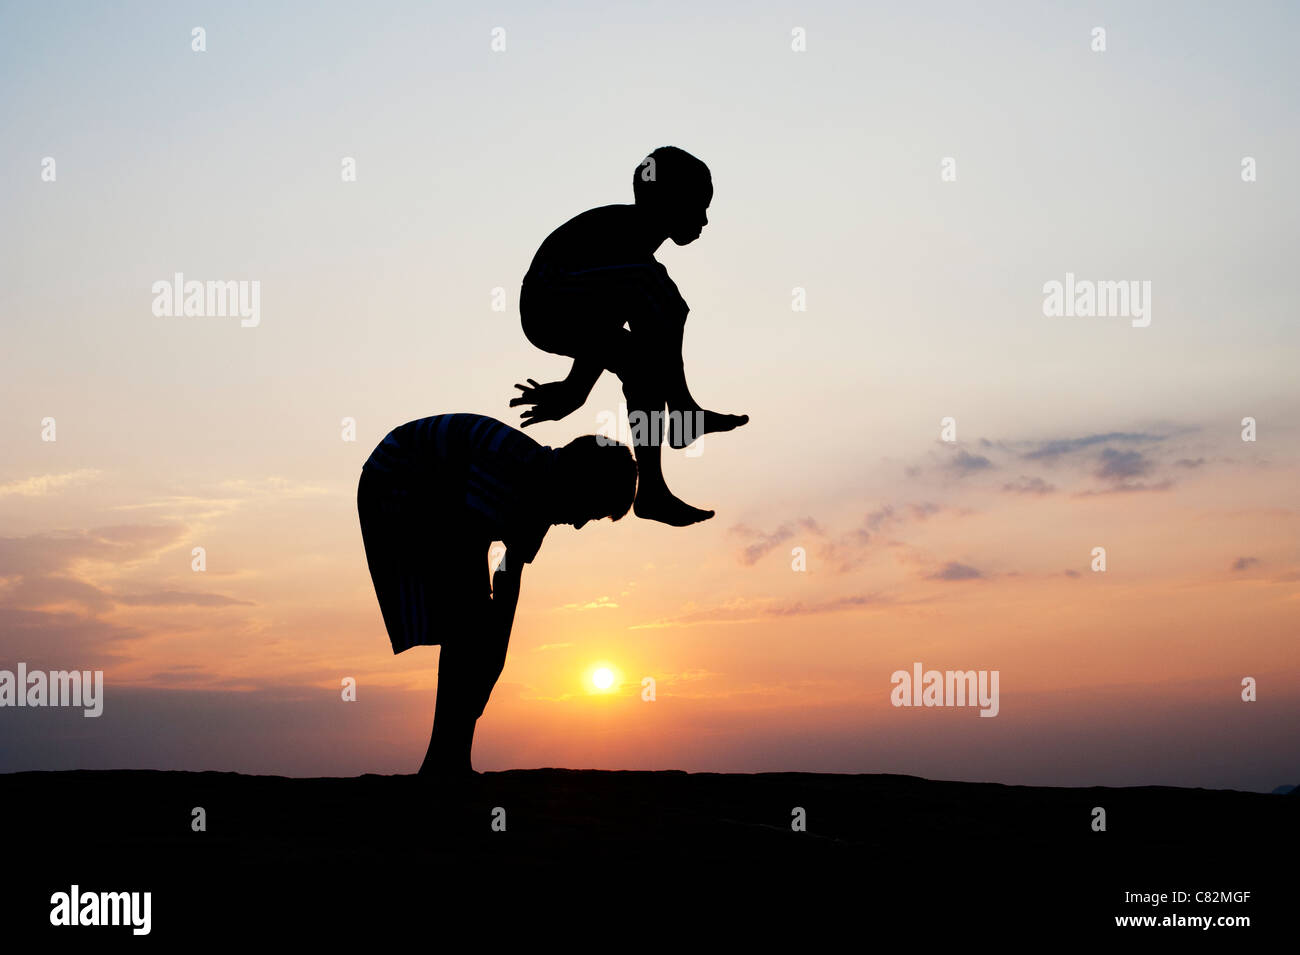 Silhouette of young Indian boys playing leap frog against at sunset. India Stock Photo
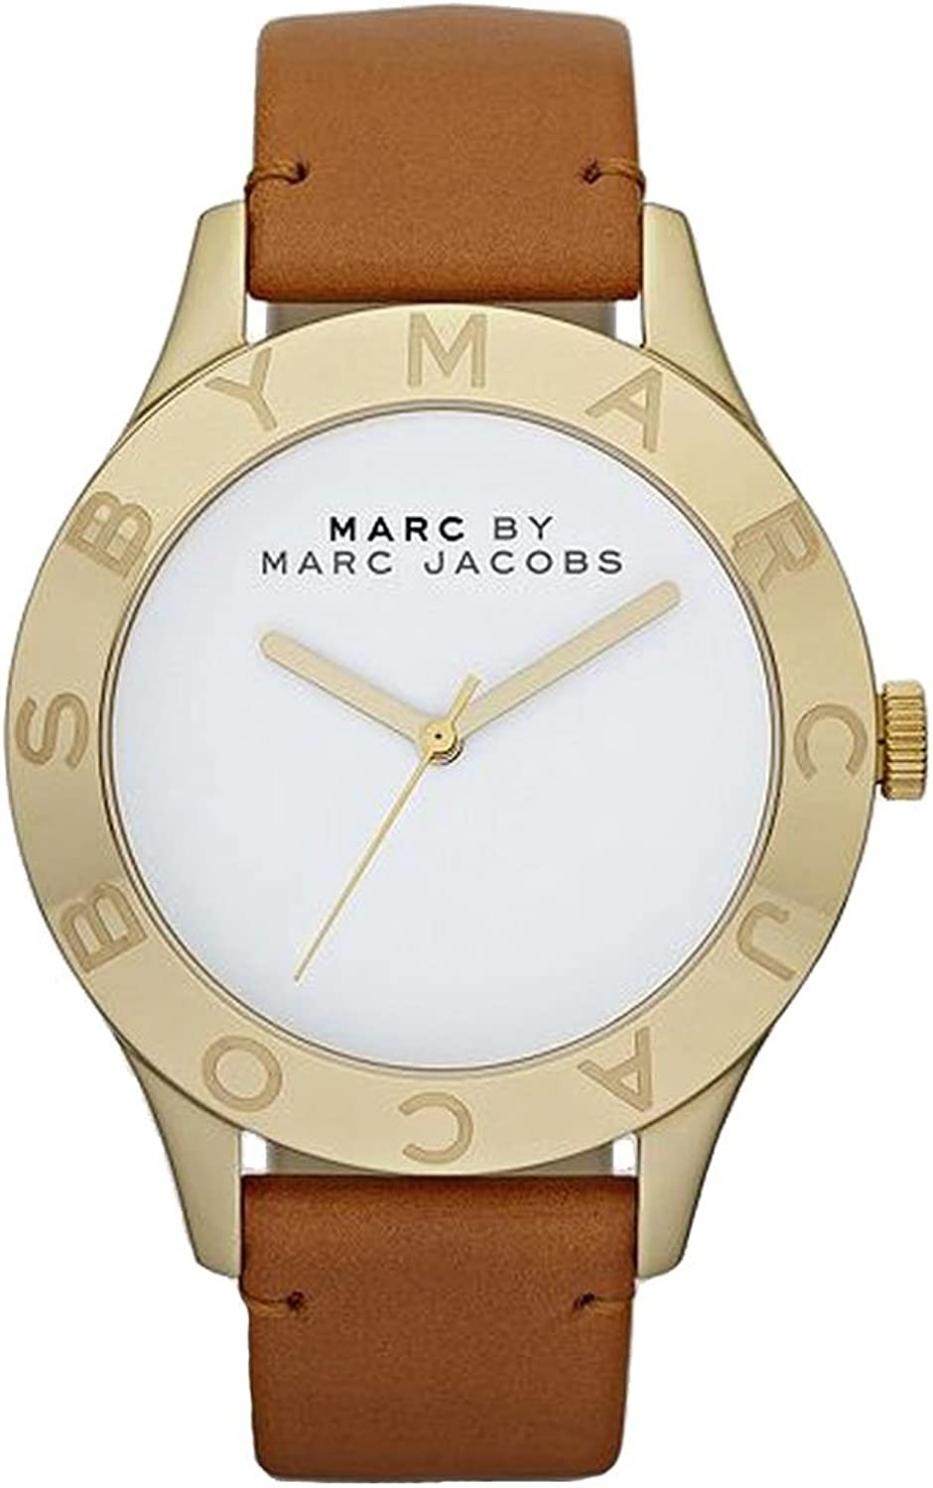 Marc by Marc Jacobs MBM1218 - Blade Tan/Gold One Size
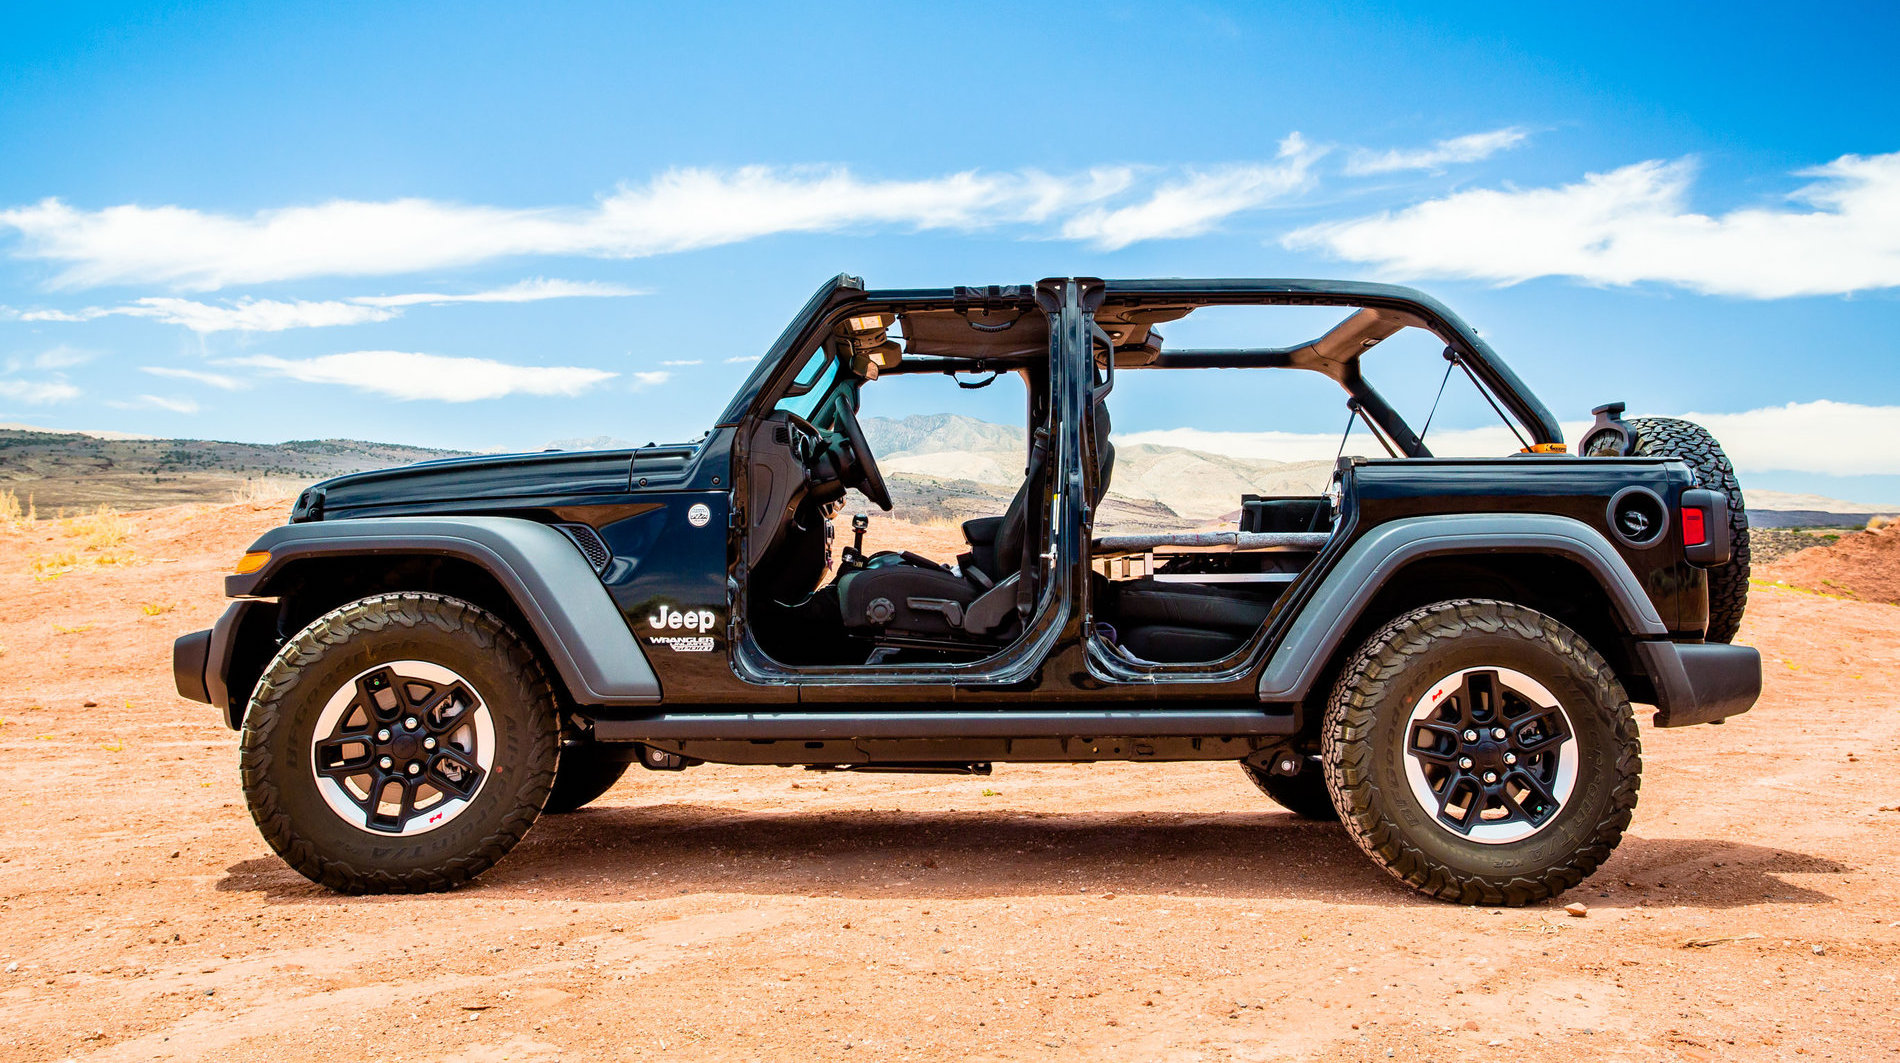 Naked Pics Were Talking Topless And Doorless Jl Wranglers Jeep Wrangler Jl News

=== Assigned task ===
An exact copy is needed of the lines running from the one with "Marc by Marc" through the end of the data above, and of those lines only, without pictures.

=== Your solution ===
 Marc by Marc Jacobs MBM1218 - Blade Tan/Gold One Size
 Naked Pics Were Talking Topless And Doorless Jl Wranglers Jeep Wrangler Jl News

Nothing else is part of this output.